Zero-shot material classification works without any custom training. CLIP classifies objects it has never seen by matching camera images against text descriptions of material properties. Soft objects get the petal gripper. Rigid objects get the stock gripper. No labeled dataset, no fine-tuning, just language.

The entire swappable gripper system was built with off-the-shelf components and 3D-printed parts, keeping the hardware accessible and reproducible.

What we learned

Data quality is everything. Not data quantity - data quality. 25 slow, careful, identical demonstrations outperformed 40 messy ones. In imitation learning, your robot is only as good as the human teacher, and the human teacher needs to be boringly consistent.

Modularity saved us. Because YOLO/CLIP, ACT, and ESP-NOW were completely independent systems, we could develop them in parallel, debug them separately, and connect them at the end. When the camera system broke, the gripper kept working. When the policy was training, we were flashing ESP32s. Three people, three systems, one integration step.

Foundation models are ready for robotics. Not for end-to-end control - not yet - but for perception and classification, they're shockingly good. CLIP's zero-shot material classification worked on objects we'd never tested with, in lighting conditions we'd never trained for. The gap between research papers and hackathon implementations is closing fast.

What's next for GRAB

More end-effectors: a hook for handles, a suction cup for flat surfaces, tweezers for electronics.
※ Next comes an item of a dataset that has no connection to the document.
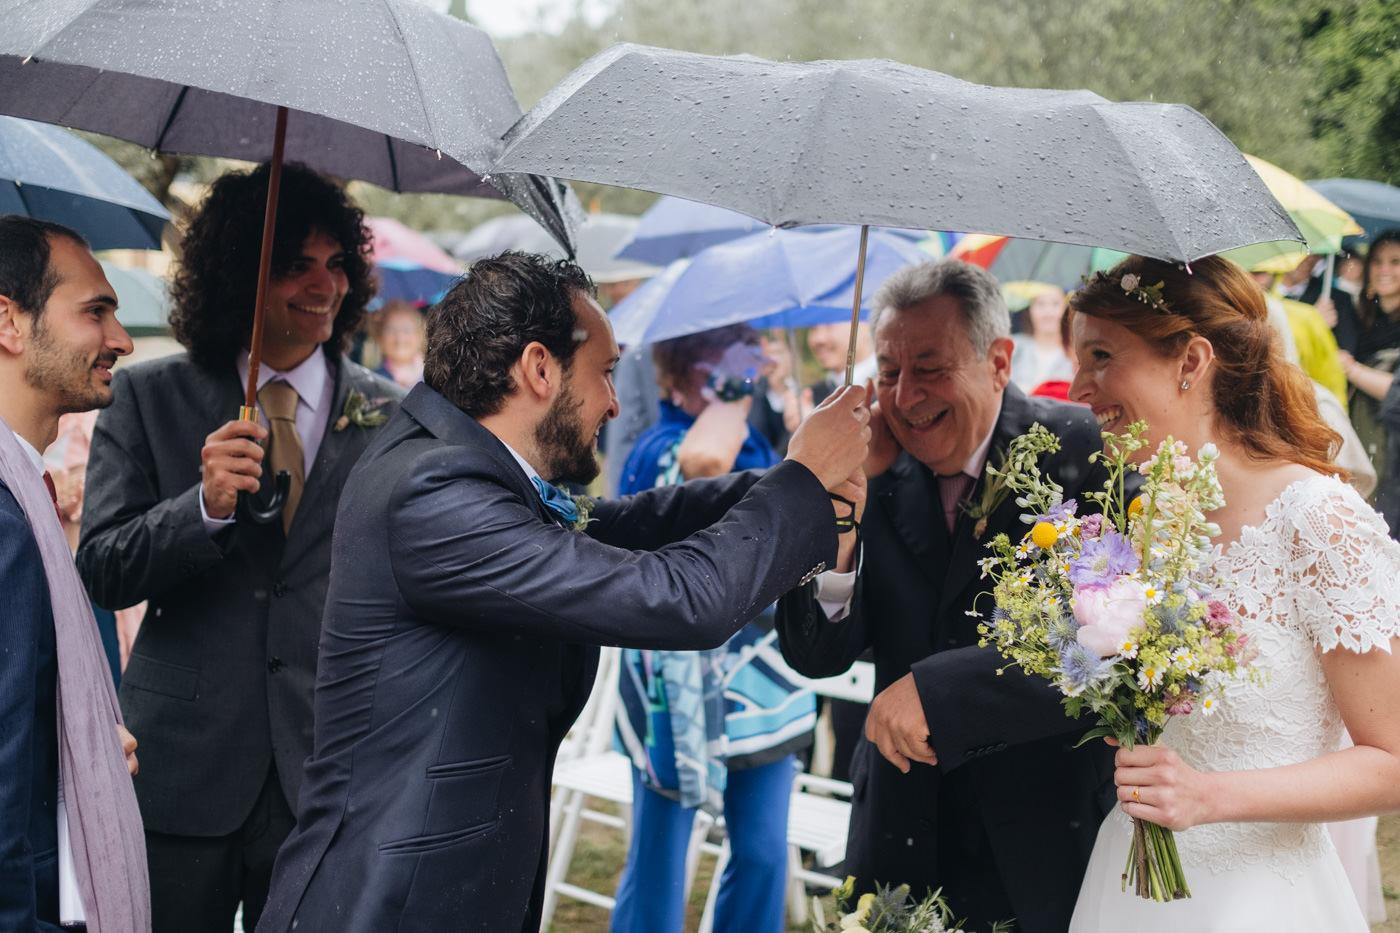 matrimoni_all_italiana_fotografo_matrimonio_toscana-26.jpg
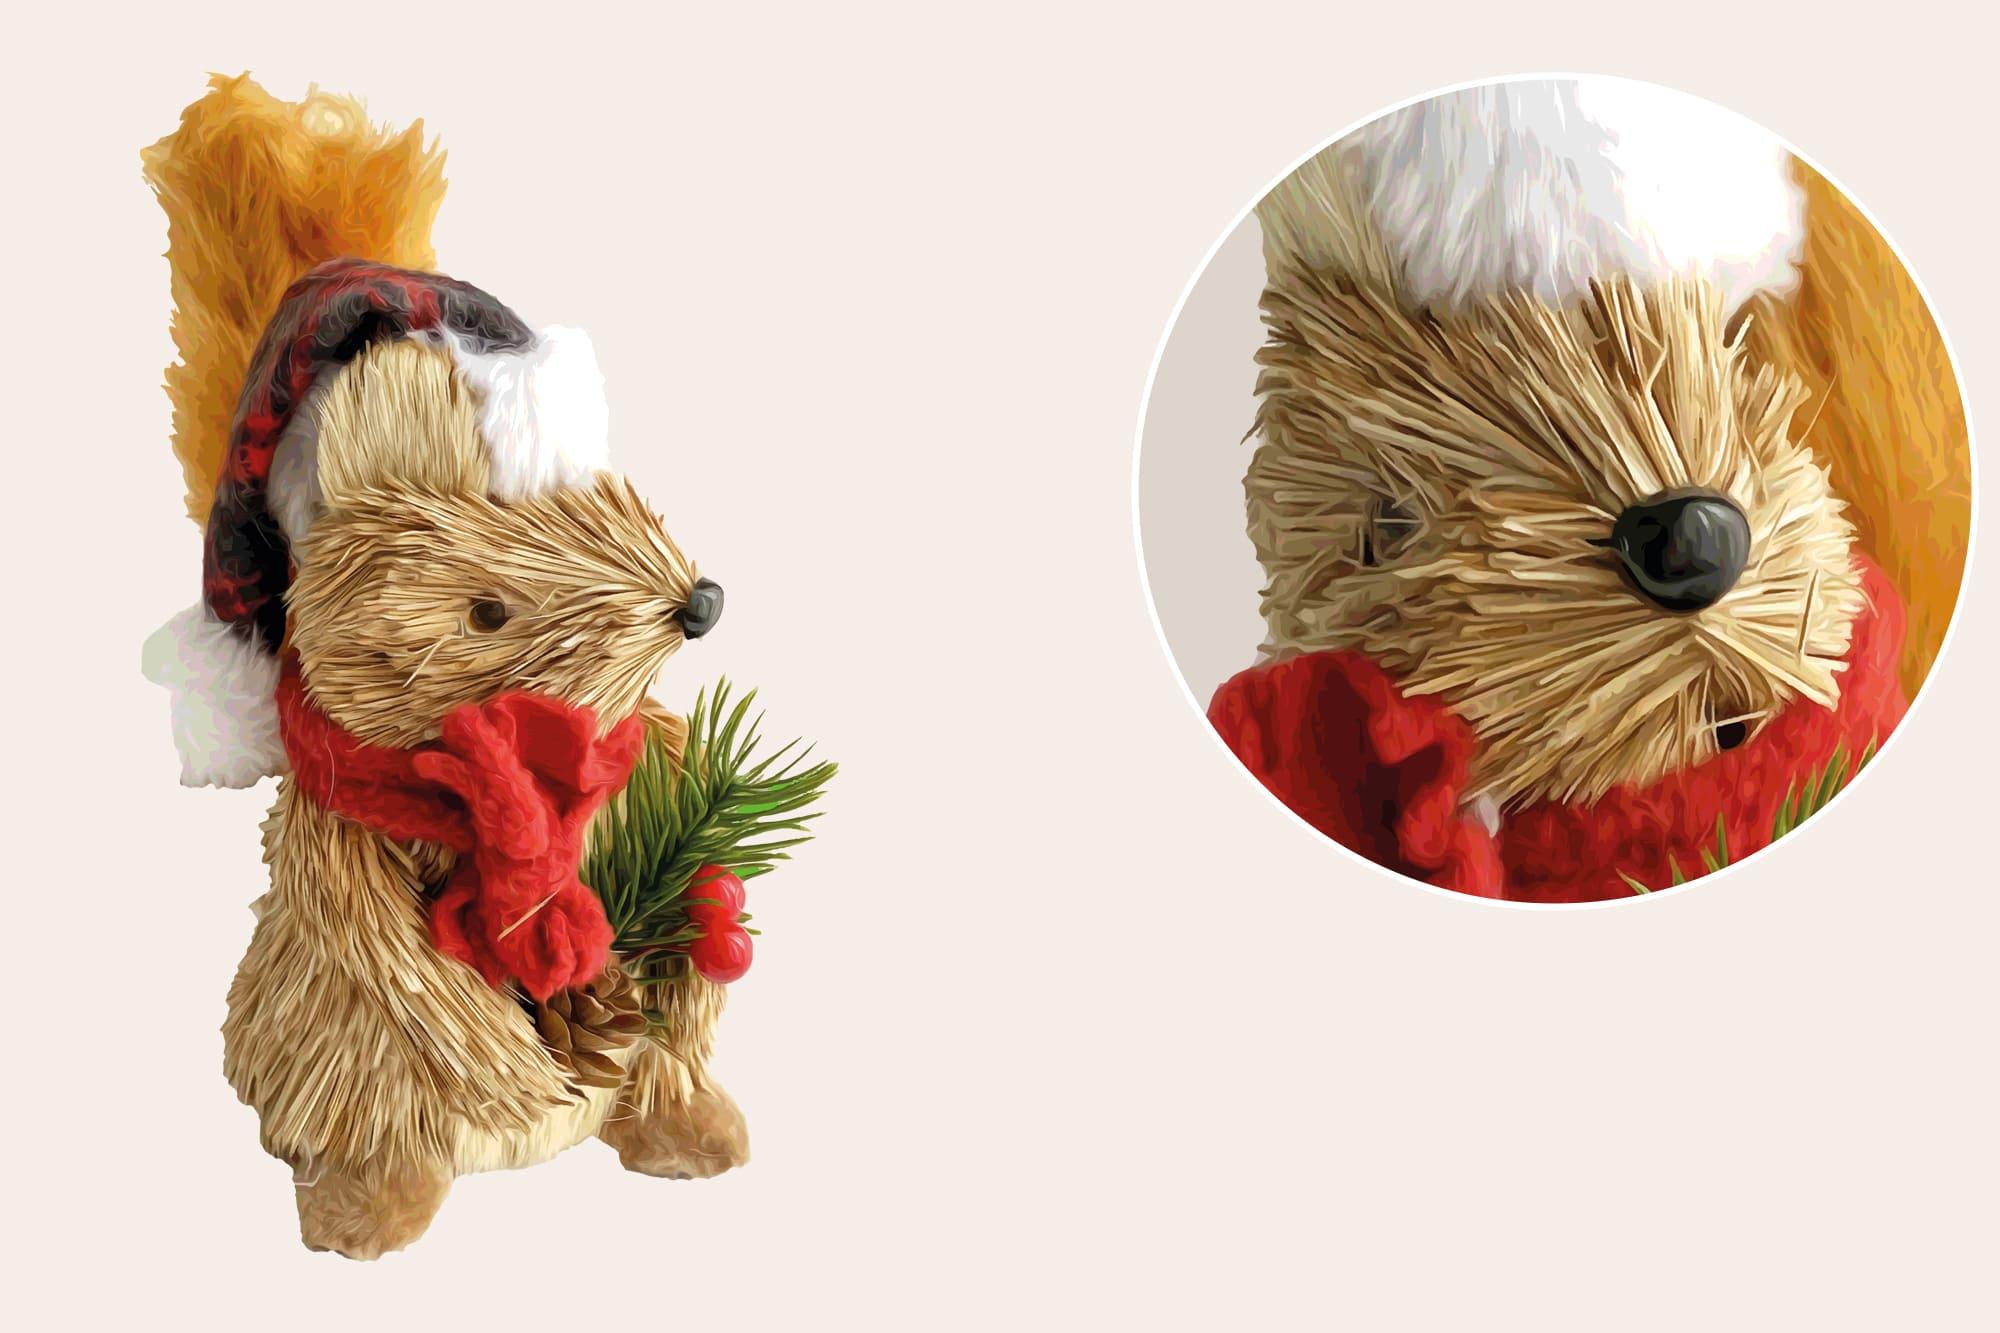 496 Christmas Illustrations: Christmas Vectors Bundle SVG, EPS, AI - Squirrel b

Each snaps into the same twist-lock mount.

The real next step is making the swap smarter. Right now the docking positions are calibrated once at setup. We want to train a policy that can find and dock onto any claw in any rack configuration - the way a human can grab any tool from a messy workbench.

Beyond that, multi-object sorting: dump a bin of mixed items on the table, and GRAB sorts them - selecting the right gripper for each, placing fragile items carefully and tossing rigid ones quickly. That's the warehouse use case. That's the eldercare use case. That's the disaster-response use case.

One arm. The right hand for the job. Every time.